[Start of Attachment]

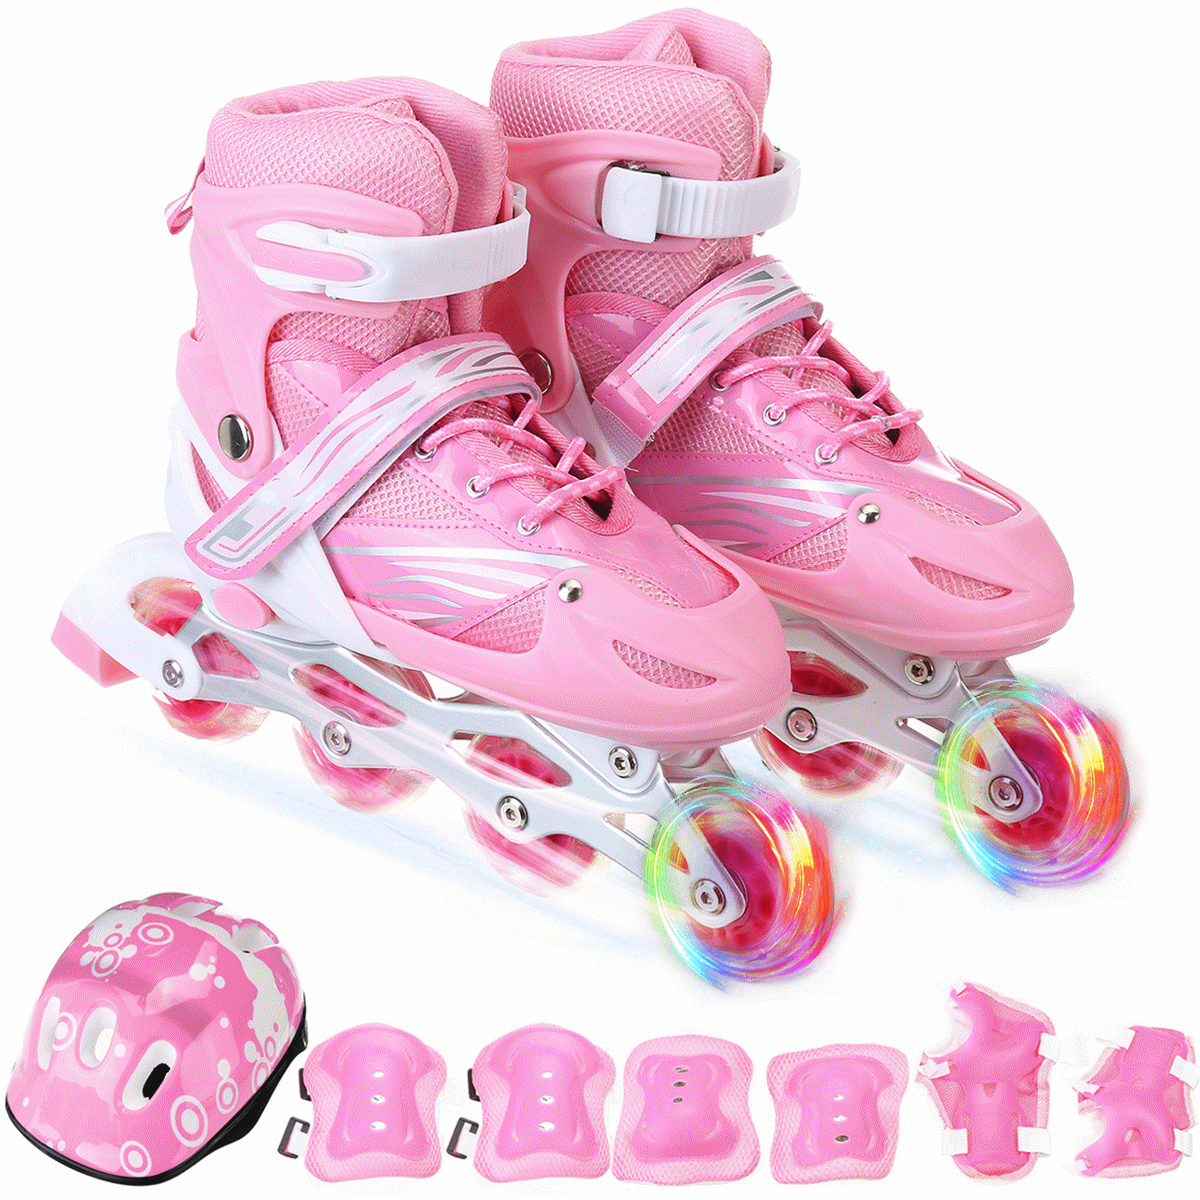 12Pcs/Set Adjustable Inline Skates with Full Light Up Wheels Kids Indoor Outdoor Illuminating Roller Skates Shoes for Beginner Girls Boys, Blue/Pink/Red
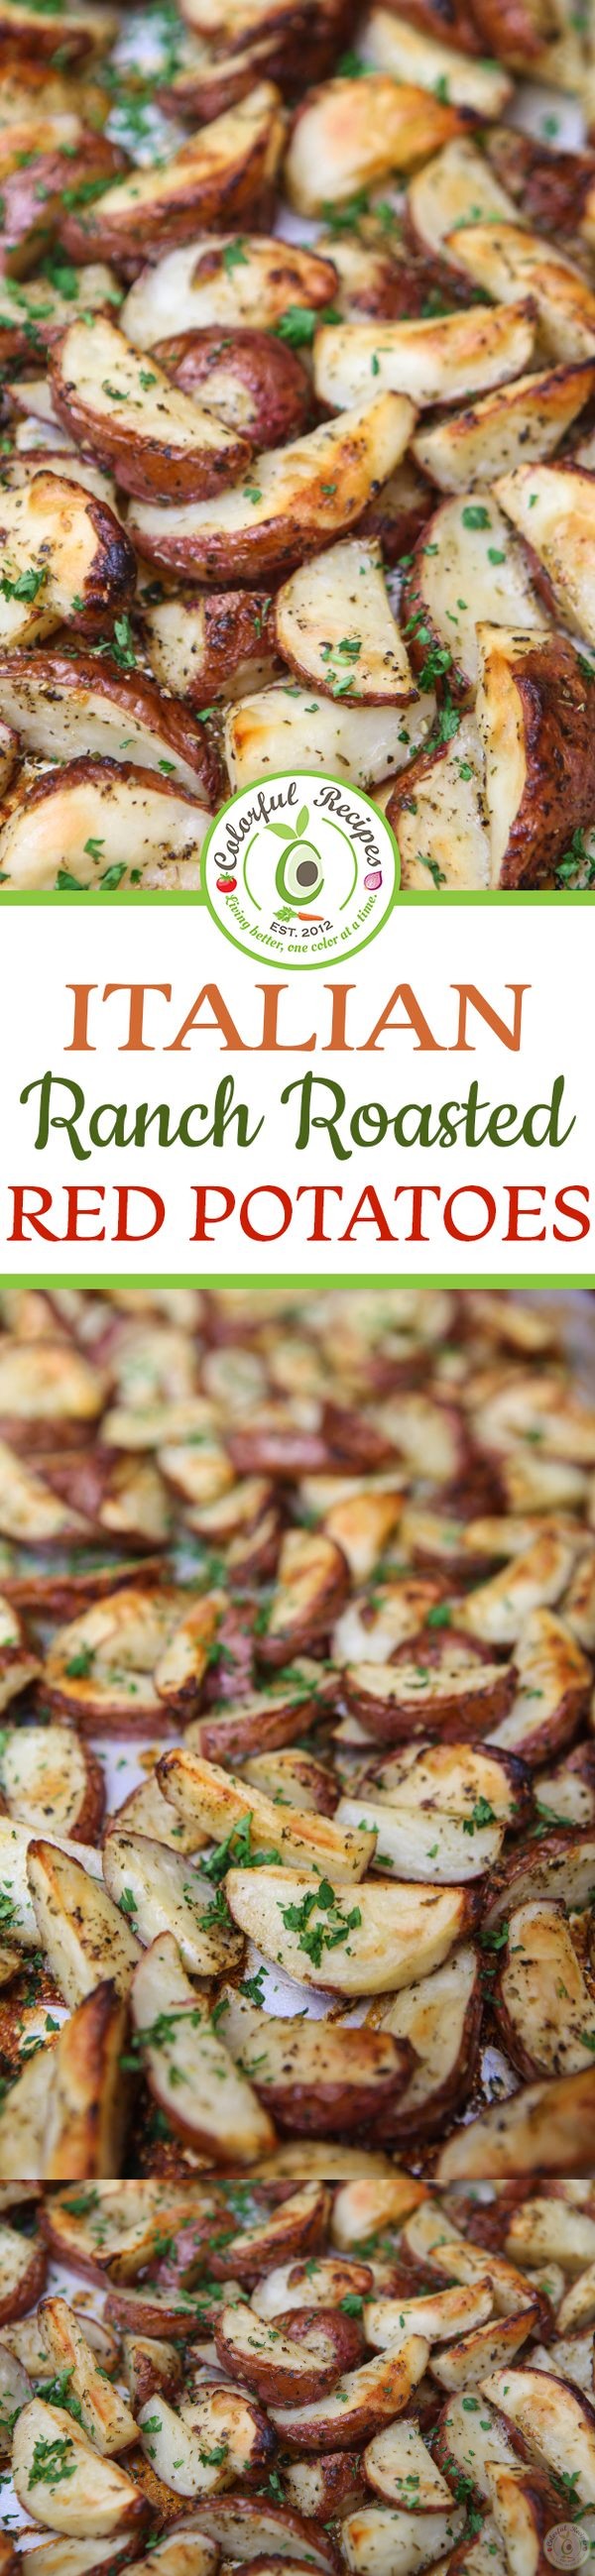 Italian Ranch Roasted Red Potatoes
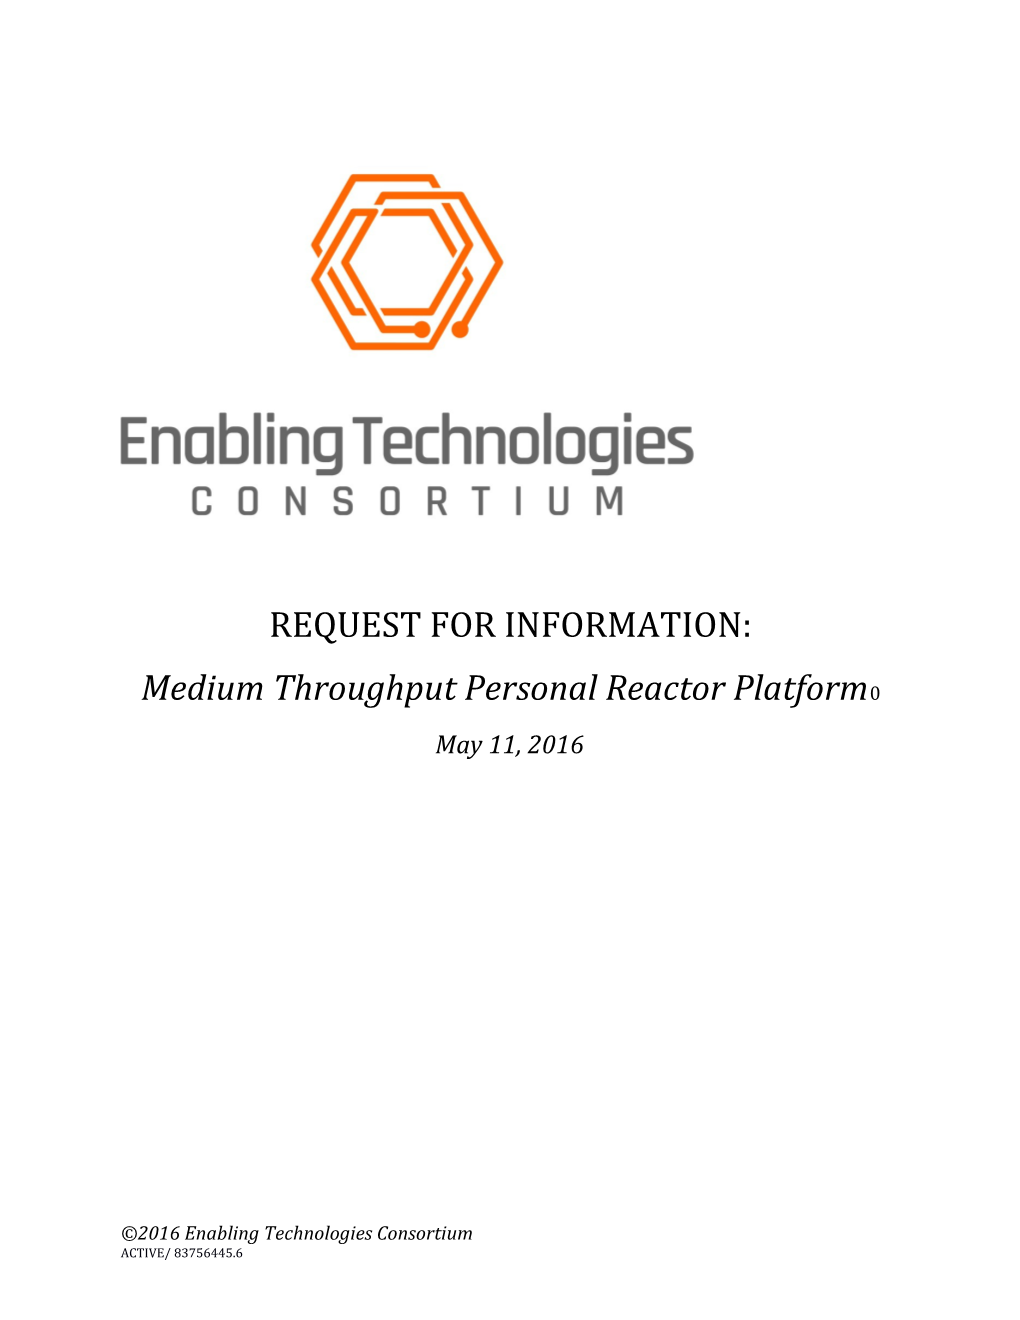 Enabling Technologies Consortium Medium Throughput Personal Reactor Platform - RFI

[End of Attachment]

When copying the data above, repeat every word exactly and drop the pictures.

 12Pcs/Set Adjustable Inline Skates with Full Light Up Wheels Kids Indoor Outdoor Illuminating Roller Skates Shoes for Beginner Girls Boys, Blue/Pink/Red
 Italian Ranch Roasted Red Potatoes
 Enabling Technologies Consortium Medium Throughput Personal Reactor Platform - RFI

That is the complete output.